What is being asked: Please copy the listing that follows exactly, leaving out any pictures.

Data provided:

┌────────

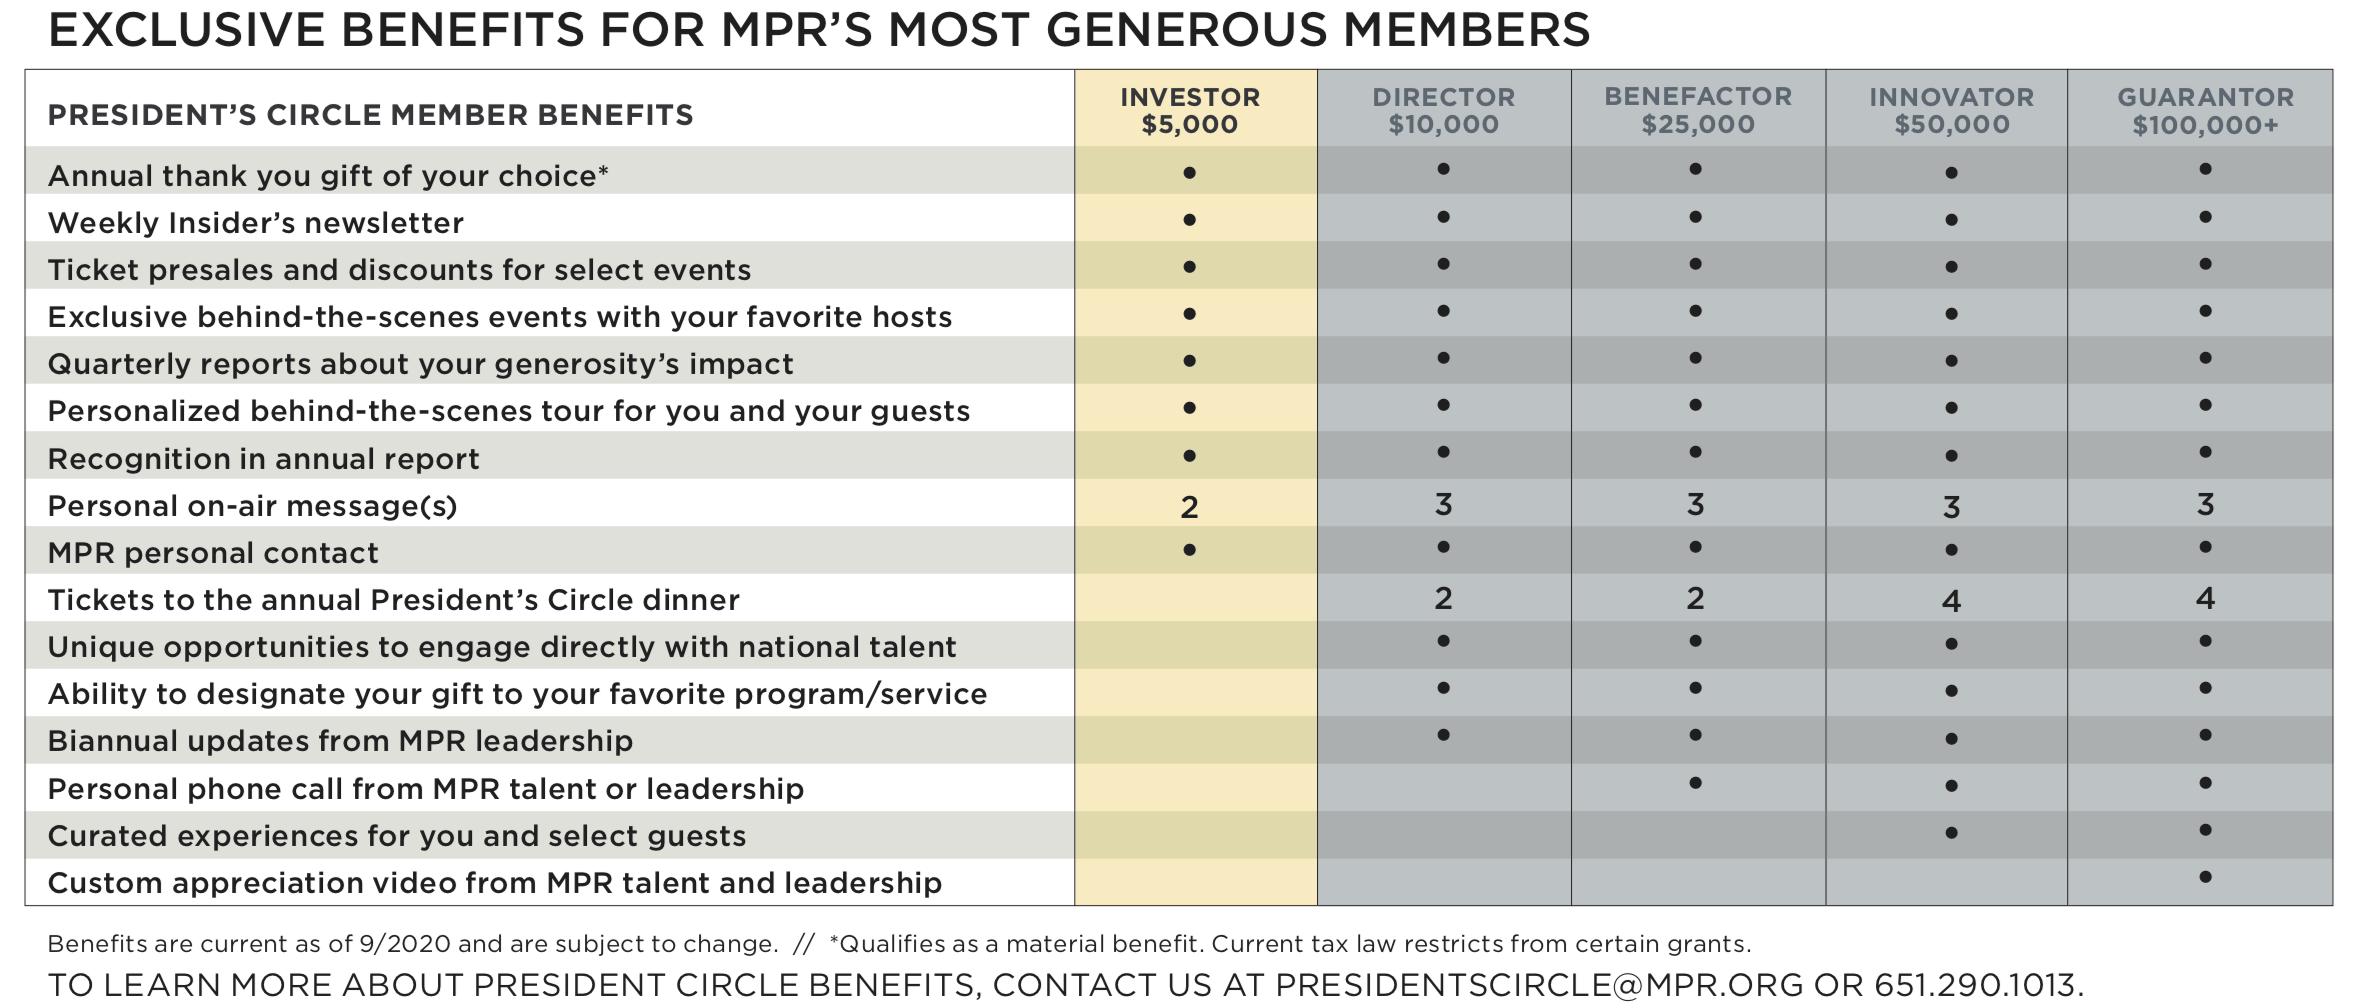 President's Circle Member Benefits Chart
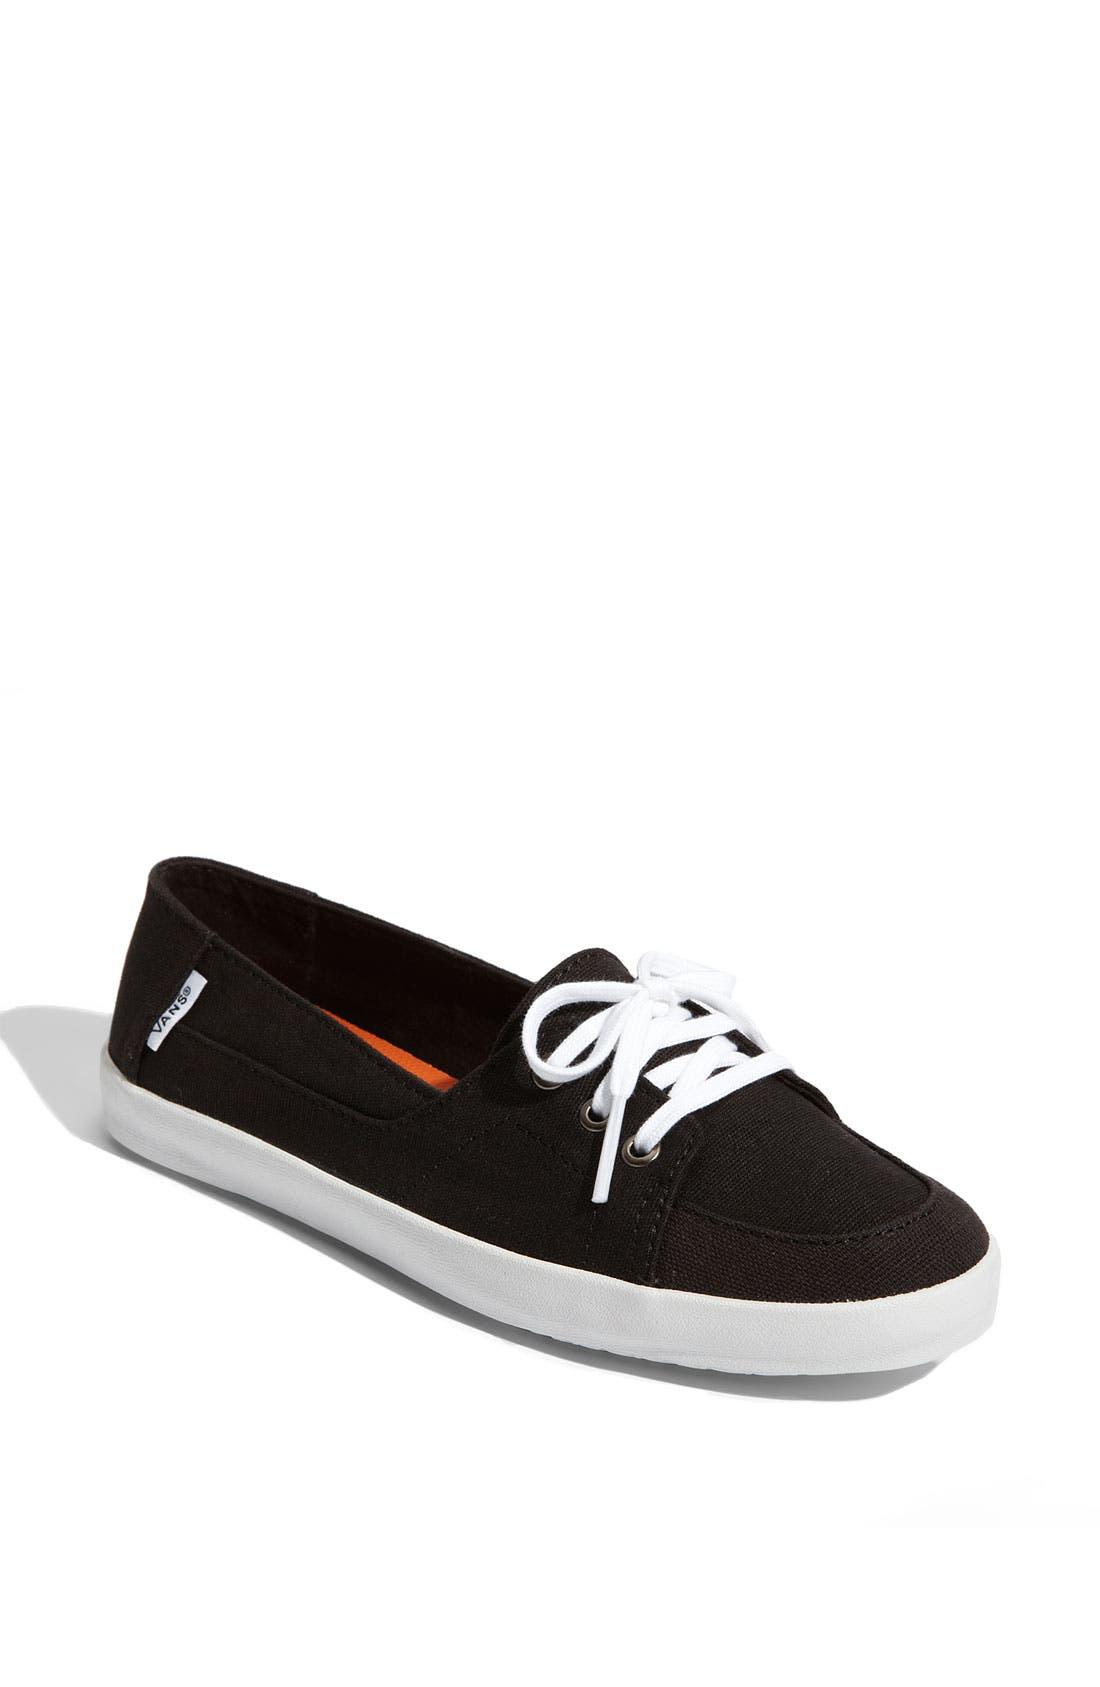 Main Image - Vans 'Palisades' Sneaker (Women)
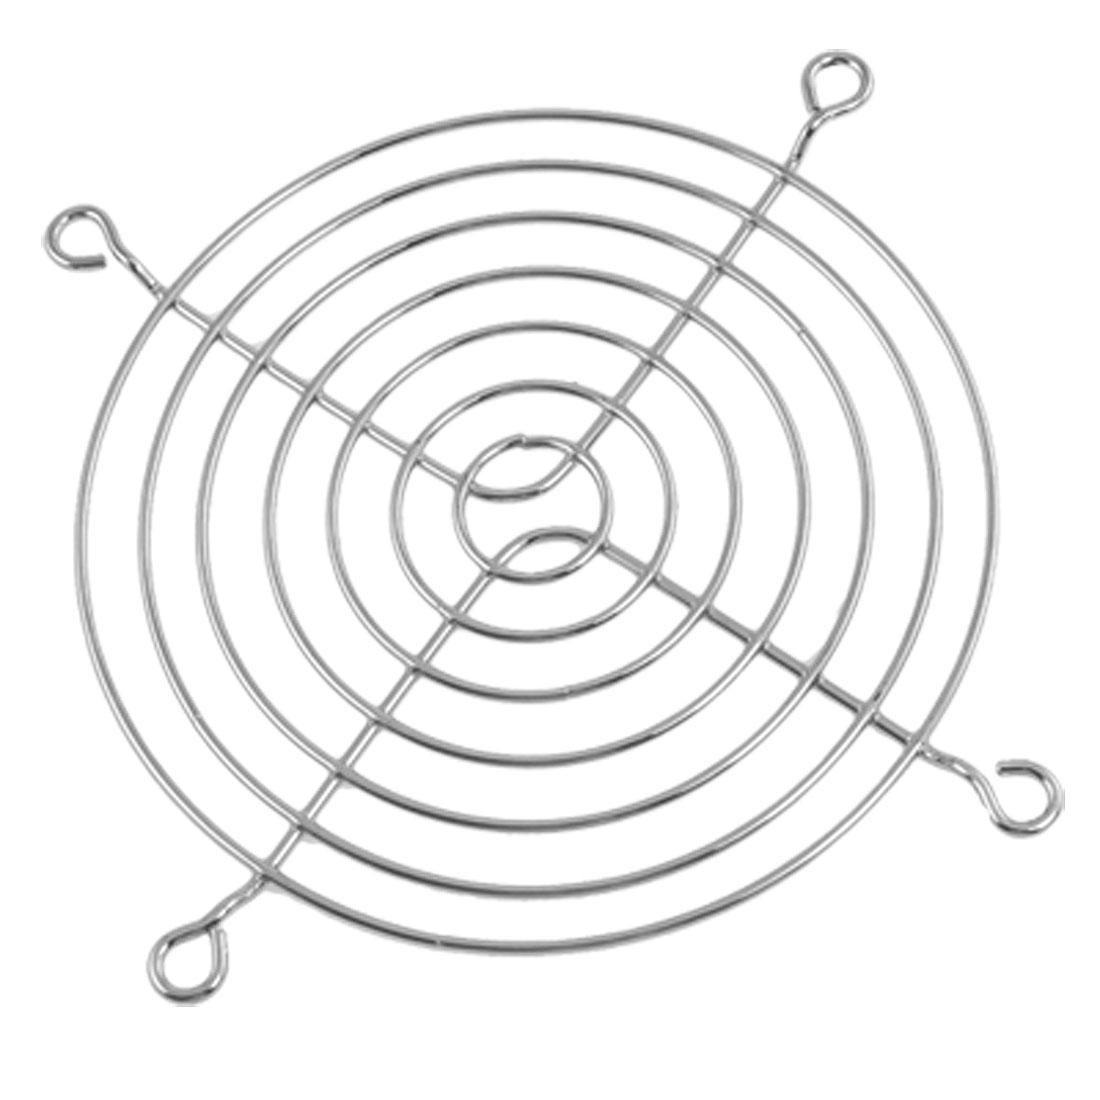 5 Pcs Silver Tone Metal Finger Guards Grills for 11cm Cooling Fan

└────────

Response for this exercise:
 President's Circle Member Benefits Chart
 Main Image - Vans 'Palisades' Sneaker (Women)
 5 Pcs Silver Tone Metal Finger Guards Grills for 11cm Cooling Fan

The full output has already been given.